In [2]:
# Utilities
import os
import urllib.request
import numpy as np
import pandas as pd

import matplotlib.pyplot as plt
%matplotlib inline


### SIMULATING A RCT DATA SET GENERATED FROM A DIRECT MKTING CAMPAIGN / E-COMMERCE A/B TEST ###

From my experience a very helpful thought experiment is to try to think about the data generating process behind a given data set. In the last few months I've been working with several randomized controlled trials data sets and quasi-experimental data sets generated by different marketing/operational process in an e-commerce platform.

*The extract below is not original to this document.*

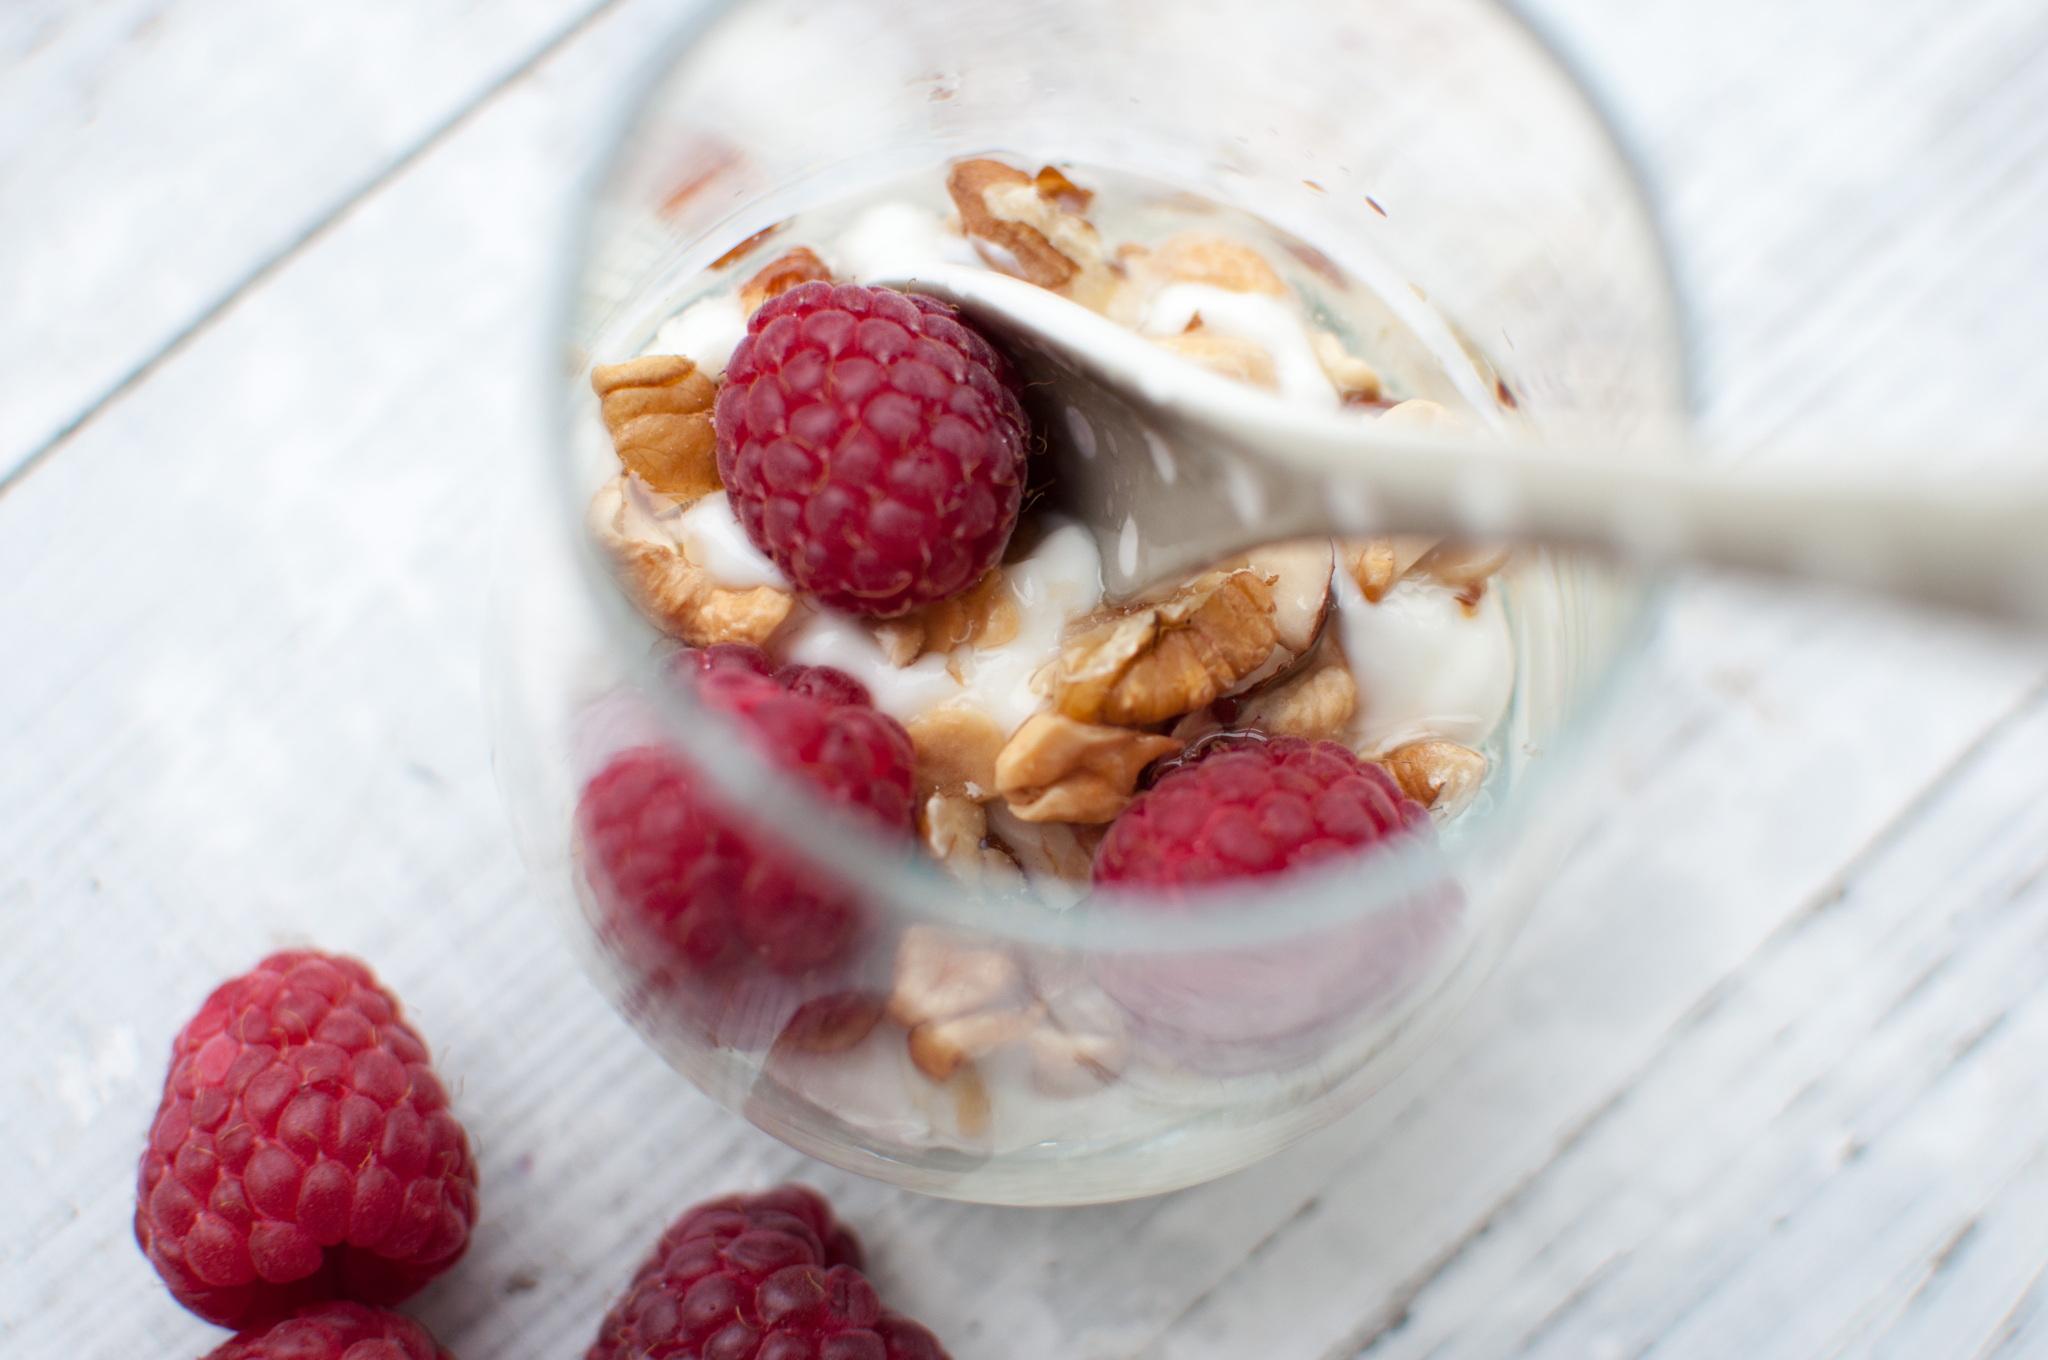 gresk yoghurt dessert

Based on that experience I believe I have the enough maturity and understanding of the underlying business processes dynamics to try and generate a näive data generating process which will try to emulate the observed data distributions stemming from a typical RCT data set resulting from a marketing campaign.

##### 1. Lets define the MINIMAL OBSERVATION UNIT and start working our way from there! #####

For simplicity lets assume our minimal observational unit will be a given customer, in a real-world setting, one customer can receive several pushes and incentives in the form of marketing campaigns, hence the one-time effect of a campaign is diluted and entangled with several different effects originated with the set of campaigns which are triggered by the overall treatment policy definition for that given customer.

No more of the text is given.